Немой тронул Андрея за плечо и указал вперед. Там, приткнувшись к стене н правой стороне улицы, скорчился еще один труп. Оказалось, это был Пермяк. Его убило, видимо, на середине улицы, там еще оставалось на булыжнике высохшее черное пятно, но он, мучаясь, пополз к стене, оставляя за собой густой черный след, и там, у стены, мучаясь, умер, подвернув голову и изо всех сил обхватив руками разорванный пулями живот.

Они здесь убивали друг друга в приступе неистовой ярости, как взбесившиеся хищники, как остервеневшие тарантулы, как обезумевшие от голода крысы. Как люди.

Поперек ближайшего к лагерю немощеного переулка на засохших нечистотах валялся Тевосян. Он гнался за трактором, который свернул в этот переулок и уходил к обрыву, коверкая спекшуюся землю торопливыми гусеницами. Тевосян гнался за ним от самого лагеря, стреляя на ходу, а с трактора стреляли по нему и здесь, на перекрестке, где в ту ночь стояла статуя с жабьей харей, в него попали, и он остался лежать, оскалив желтые зубы, в своем испачканном пылью, нечистотами и кровью солдатском мундирчике. Но перед смертью, а может быть, и после смерти, он попал тоже: на полпути к обрыву, вцепившись скрюченными пальцами в раскрошенную гусеницами землю вздутой горой громоздился сержант Фогель, и дальше трактор шел уже без него — до самого обрыва и вниз, в пропасть.

В лагере лениво догорала волокуша. По исковерканным простреленным бочкам иссиня-черным от жара, еще бегали чадные язычки оранжевого пламени, и медленно поднимались в тусклое небо клубы жирного дыма. Из черной спекшейся кучи на волокуше торчали чьи-то горелые ноги, и тянуло тем самым вкусным запахом, от которого теперь тошнило.

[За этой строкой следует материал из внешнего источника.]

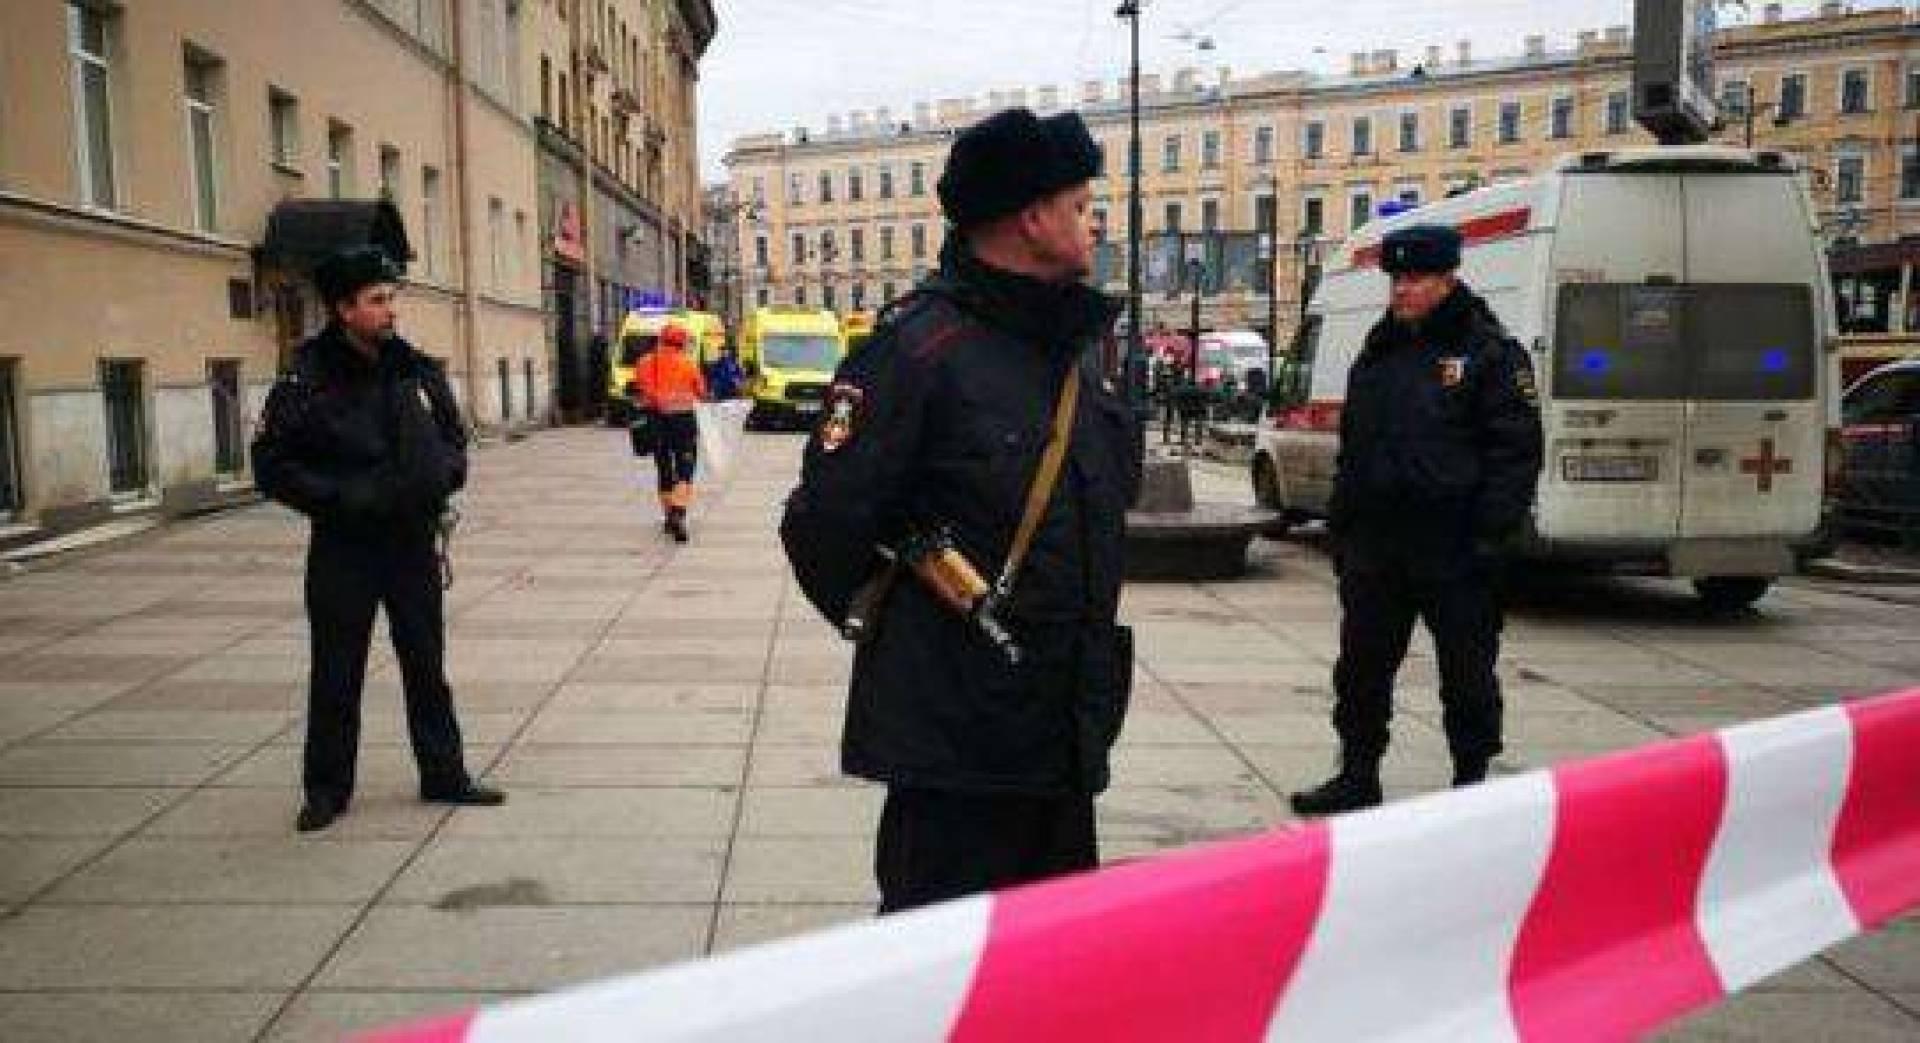 إحباط هجوم إرهابي في موسكو

Из окна комнаты картографов свисал голый труп Рулье — длинные волосатые рук его почти касались тротуара, а на тротуаре валялся автомат. Вокруг окна вся стена была избита и исковеркана пулями, а на противоположной стороне улицы лежали друг на друге скошенные одной очередью Василенко и Палотти. Оружия возле них не было, а на усохшем лице Василенко сохранилось выражение безмерного изумления и испуга.

Второго геолога, второго картографа и зампотеха Эллизауэра расстреляли, поставив к той же стене. Так они и лежали рядком под пробитой пулями дверью — Эллизауэр в кальсонах, остальные — голые.

А в самом центре этой смердящей гекатомбы, прямо посередине улицы, на длинном столе с алюминиевыми ножками, покрытый британским флагом спокойно лежал, сложивши руки на груди, полковник Сент-Джеймс, в парадном мундире, при всех орденах, все такой же сухой, невозмутимый и даже иронически улыбающийся. Рядом, привалившись к ножке стола, уткнувшись седой головой в мостовую, лежал Даган — тоже в парадном мундире — и в руке у него была зажата сломанная трость полковника.

И это было все. Шестеро солдат, в том числе и Хнойпек, инженер Кехада, приблудная девка Мымра и второй трактор со второй волокушей — исчезли. Остались трупы, осталось сваленное горой геологическое оборудование, осталось несколько автоматов в пирамиде. И смрад. И жирная копоть. И удушающая вонь жареного мяса от догорающей волокуши. Андрей ввалился в свою комнату, упал в кресло и со стоном уронил голову на руки. Все было кончено. Навсегда. И не было спасения от боли, и не было спасения от стыда, и не было спасения от смерти.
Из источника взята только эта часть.